Our much loved rice flour and kurakkan flour string hoppers are made by pressing a dough made with flour and water through a stubby metal tube known as a string hopper press or string hopper mold. In Sinhalese, it is known as an indiappa wangediya and it produces the fine, noodle-like string hoppers we are familiar with.

They are then placed on small, round mats—called indiappa thattu—and steamed. The press was traditionally made out of fired wood and the mats out of bamboo, but now stainless steel presses and plastic mats are more in use in the kitchens of local homes and street shops.

Coconut Scraper

An older version of the local coconut scraper. Image courtesy

Coconut milk and grated coconut are two much used ingredients in our island’s cuisine. For the grating of the coconut, a coconut scraper or hiramanaya was the kitchen equipment of choice in most Sri Lankan households. The more modern variation of the coconut scraper is the hand crank coconut scraper, which is usually clamped on to the kitchen counter or table. The crank of the coconut scraper is spun around with one hand, while a halved coconut is held with the other. The serrated, semi circular blades attached to one end of the coconut scraper grates the flesh of the coconut into small flakes.

Mortar And Pestle

A stone mortar and a wooden pestle. Image courtesy

Known as the wangediya and the mol gaha in Sinhalese, the mortar and pestle is used  to crush ingredients like ginger, garlic and cumin seeds for curries. The ingredients are placed in the chalice-shaped mortar, and the pestle is used to crush the spices.

There are two versions of the traditional mortar and pestle, the smaller version is made of wood and could be kept on a table or any other surface. The larger version is mortar carved out of stone and a large wooden pole used as the pestle. This could only be kept on the floor.

Even today, this particular kitchen equipment can be found in the kitchen of a Sri Lankan home, usually for the purpose of making pol sambol or lunu miris. Grated coconut, finely chopped onion, chilli flakes, chilli powder, salt, maldive fish and lime are put together into the mortar and crushed together to make pol sambol, while the same was done to finely chopped onion, chilli powder, chilli flakes and lime to make lunu miris.

Clay Water Pitcher

Water pitchers like this are made out of fired, hardened clay which is still porous enough to let the night air cool the water inside of it.
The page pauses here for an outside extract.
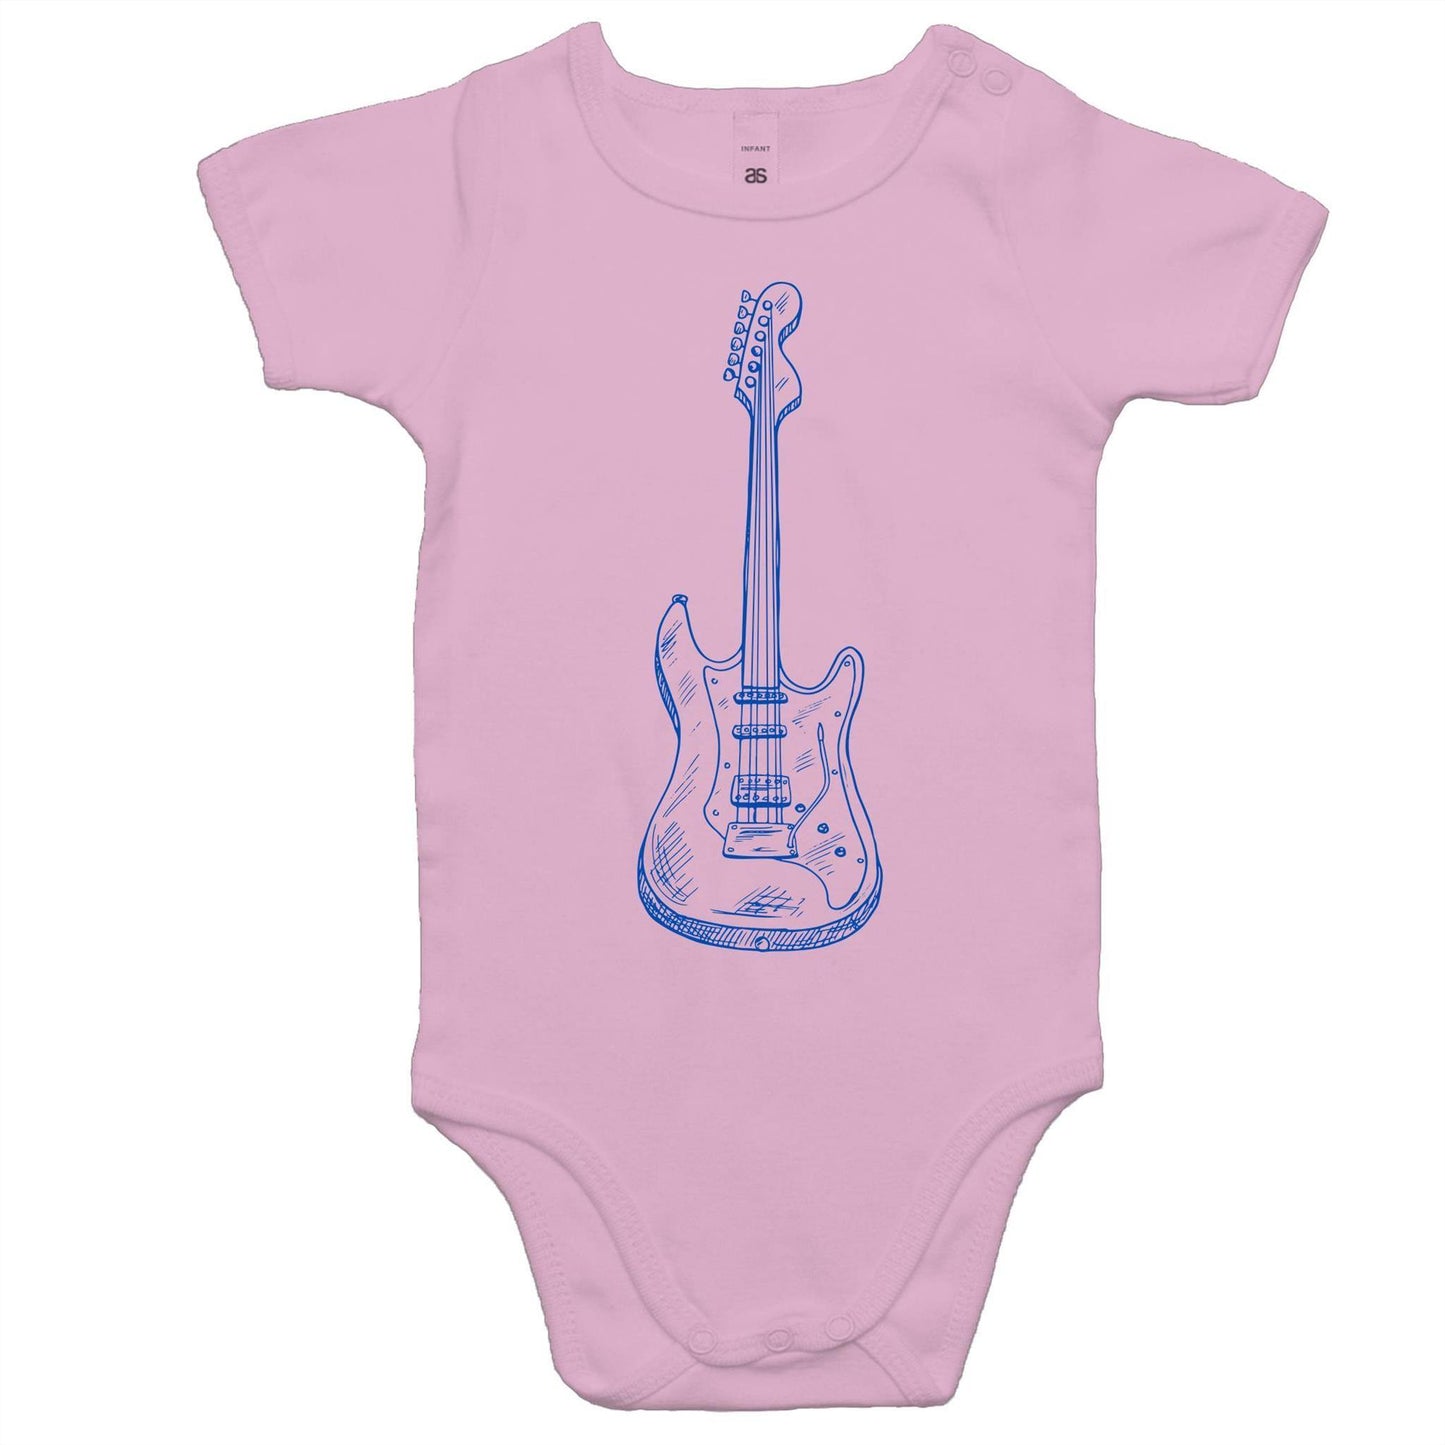 Guitar - Baby Bodysuit Pink Baby Bodysuit kids Music
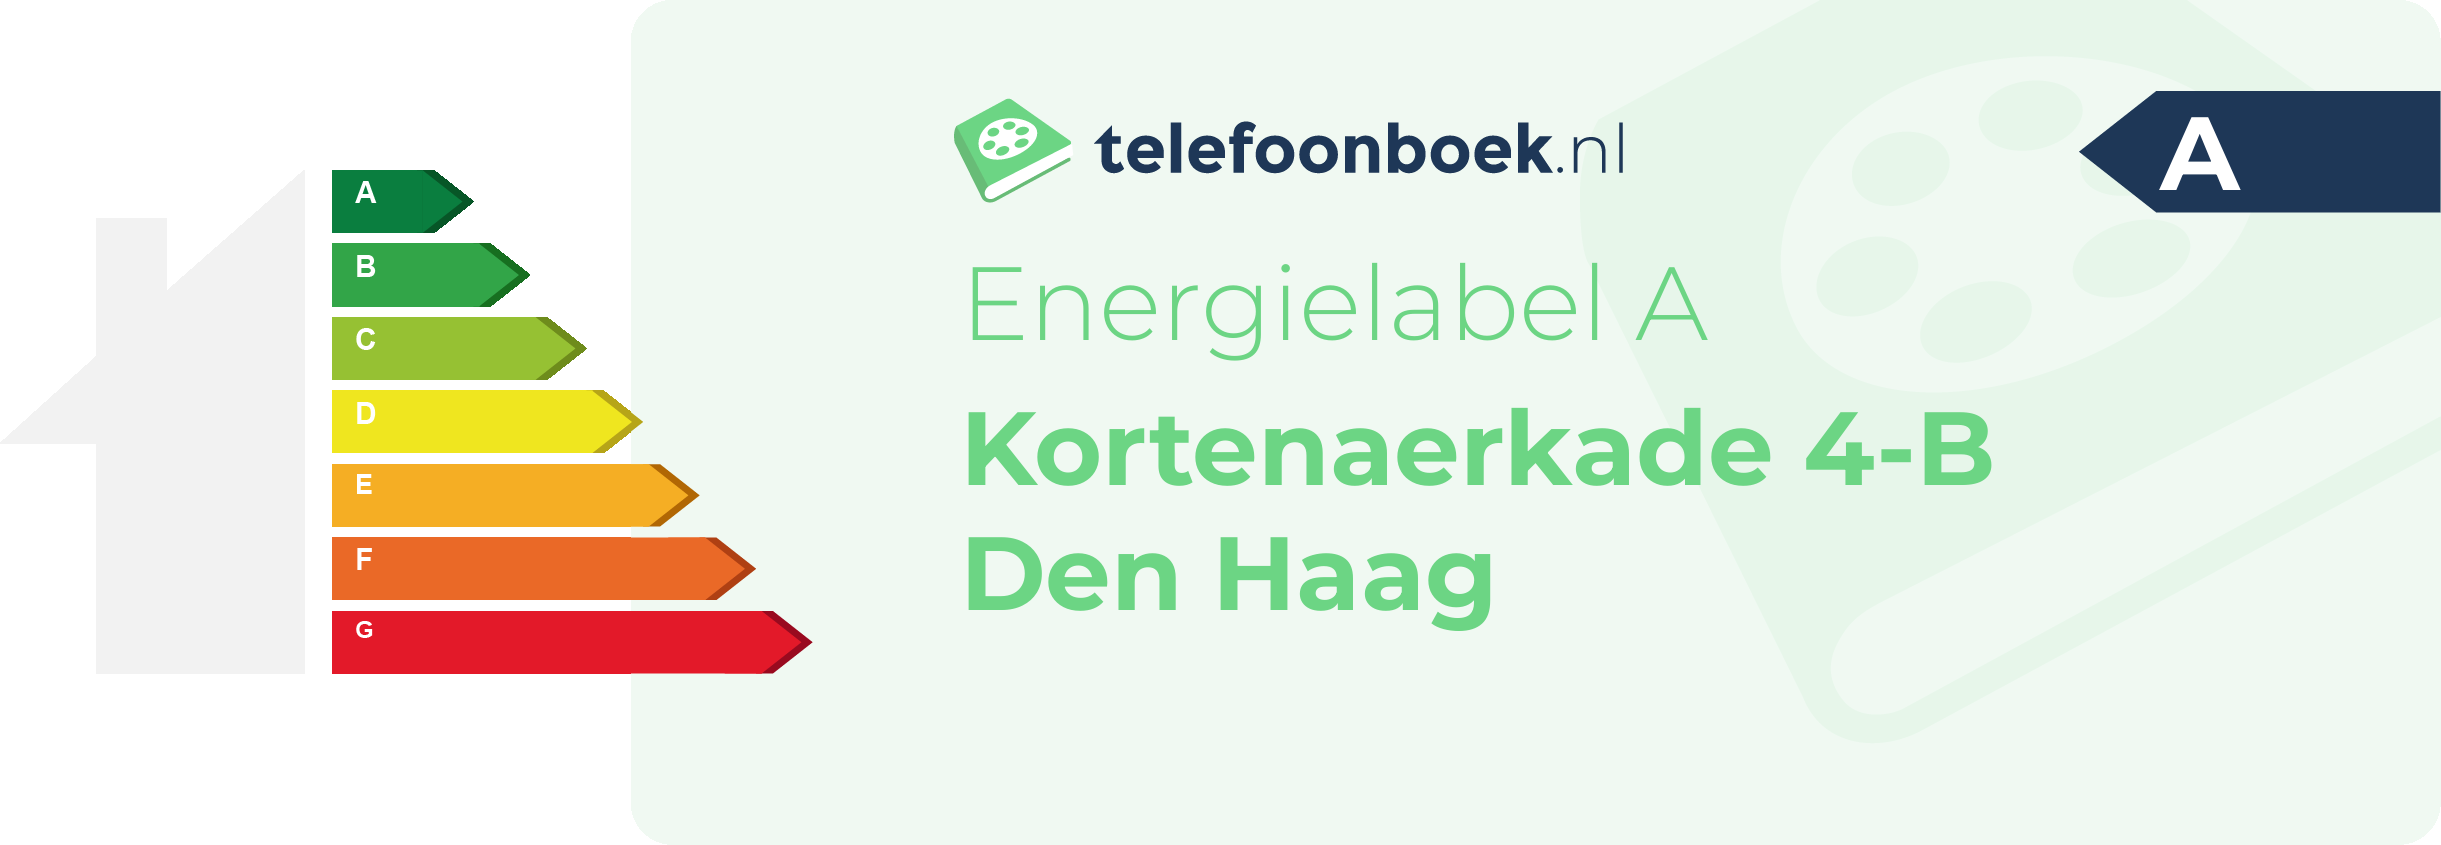 Energielabel Kortenaerkade 4-B Den Haag

Image courtesy

The guruletthuwa is the earthenware water jug or vessel that was traditionally used in Sri Lankan homes. It, too, is fashioned out of clay that was made hard and brittle by sun drying or fire, but was still porous enough to allow the night air to cool the water which was stored in it overnight. Its companion is the water pot or kala gediya which is used to fetch water from a well or river. The guruletthuwa can still be found in certain homes, sometimes with earthenware cups or tumblers to match.

Coconut Shell Spoons

Before stainless steel and plastic took over our kitchens, coconut shell spoons were used to mix and serve curries. Image courtesy

The famous polkatu handi pair well with the earthen cooking pots that our rice and curries were traditionally made in. The head of the spoons are made out of lower part of a clean, sandpapered coconut shell, while the handle is made from wood of the coconut tree.


Sweetmeats like konda kavum are made in woks like this—nowadays these pans are more commonly used to make hoppers. Image courtesy Youtube/Dominique Jeanneret

In Sinhalese this pan is called a thatthchiya, and was traditionally used to deep fry sweet meats like kevum and kokis. This bowl shaped frying pan bears many similarities to the woks used in East Asian cooking, notably in making Chinese food. Nowadays the wok is also known as a hopper pan, because it is mostly used to make hoppers.

Some of these utensils, like the nambiliya and the grinding stones, are rarely seen in action now because of the wide availability of modern cooking equipment and packeted ingredients like rice, grain flours and spice powders. But even though open fires have been replaced with stoves, and rice cookers and refrigerators have taken the place of traditional food preservation methods, there is no doubt that some of these traditional local cooking tools are still preferred by many Sri Lankan cooks.